De 1968 à 1980, la Banque de France renouvelle sa gamme avec :
Le billet de 500 Francs Pascal Type 1968 (déjà vu).
500-FRANCS-PASCAL-TYPE-1968-Recto

Le billet de 50 Francs Quentin de la Tour Type 1976, peint par Fontanarosa, gravé par Renaud et Combet à l’effigie du peintre Quentin de la Tour devant le château de Versailles au recto et l’Hôtel de Ville de Saint-Quentin au verso.
50-FRANCS-QUENTIN-DE-LA-TOUR-TYPE-1976-Recto

Le billet de 100 Francs Delacroix Type 1978, peint par Fontanarosa, gravé par Renaud et Combet représente Delacroix et le tableau « La Liberté guidant le Peuple » au recto et devant la Place de Furstenberg à Paris au verso.
100-FRANCS-DELACROIX-TYPE-1978-Recto

Le billet de 20 Francs Debussy Type 1980, peint par Taurelle et gravé par Hérouard. Il n’a pas la taille douce et il représente Debussy devant un décor composé sur le thème de la Mer au recto et sur un fond évoquant le décor de « La Fontaine dans un Parc » de Pélléas et Mélisande au verso.
20-FRANCS-DEBUSSY-TYPE-1980-Recto

Le billet de 200 Francs Montesquieu Type 1981, peint par Melle Lambert, gravé par Jubert et Durrens. Il est consacré à Montesquieu dont le portrait se détache sur un fonds de motifs évoquant ses œuvres.
200-FRANCS-MONTESQUIEU-TYPE-1981-Recto

A noter qu’à partir de 1990, on ajoute dans le papier un fil de sécurité.

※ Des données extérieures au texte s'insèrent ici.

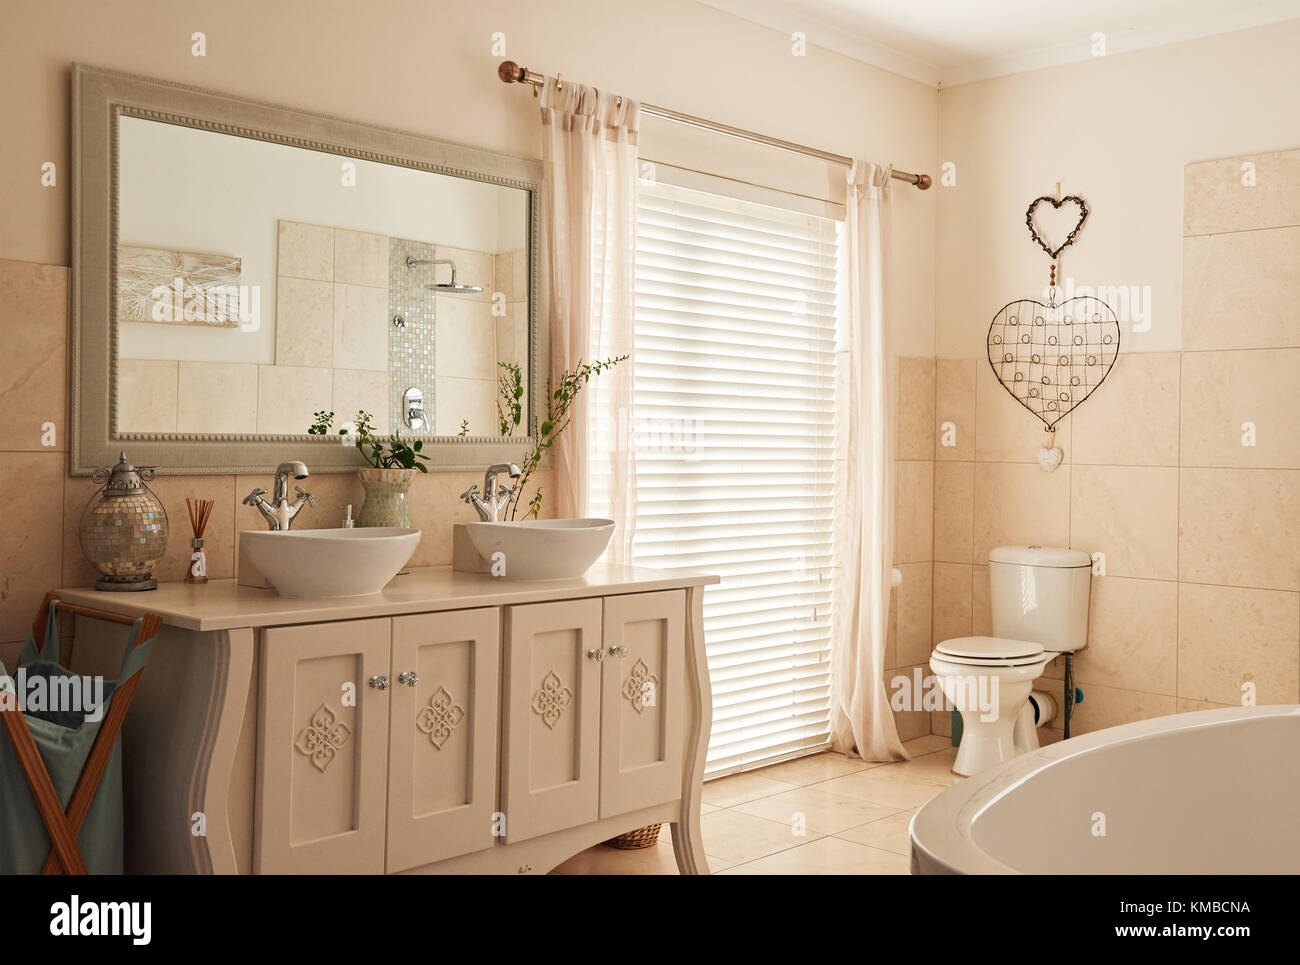 Stylish bathroom interior in a modern suburban home Stock Photo

3.11. LA DERNIÈRE GAMME DE BILLETS
Au début des années 90, la Banque de France renouvelle sa gamme, à l’exception du billet de 20 Francs Debussy Type 1980. Les billets sont fabriqués avec des procédés informatisés et sur des imprimantes en continu. Le billet est dessiné sur ordinateur et les filigranes sont réalisés par numérisation d’images. Leur format réduit permet une meilleure manipulation, leur identification est facilitée car chaque billet présente une couleur dominante différente, un écart de longueur et une valeur faciale imprimée en gros sur les deux faces. La cohérence d’ensemble de la dernière gamme de billets en Francs est assurée par le recours d'un artiste unique, Roger Pfund. Les motifs représentatifs de la vie et de l’œuvre du ou des personnages figurant sur les billets sont organisés à la façon d’un tableau complétant le portrait.
La dernière gamme de billets en Francs se composent :
Du billet de 50 Francs Saint-Exupéry Type 1992.
50-FRANCS-SAINT-EXUPERY-TYPE-1992-Recto

Du billet de 500 Francs Pierre et Marie Curie Type 1993 (première et unique femme figurant sur un billet français). A noter que ce billet est le seul qui soit émis au millésime 2000.
500-FRANCS-PIERRE-ET-MARIE-CURIE-TYPE-1993-MODIFIE-Recto

Du billet de 200 Francs Eiffel Type 1995.
200-FRANCS-EIFFEL-TYPE-1995-Recto

Du billet de 100 Francs Cézanne Type 1997.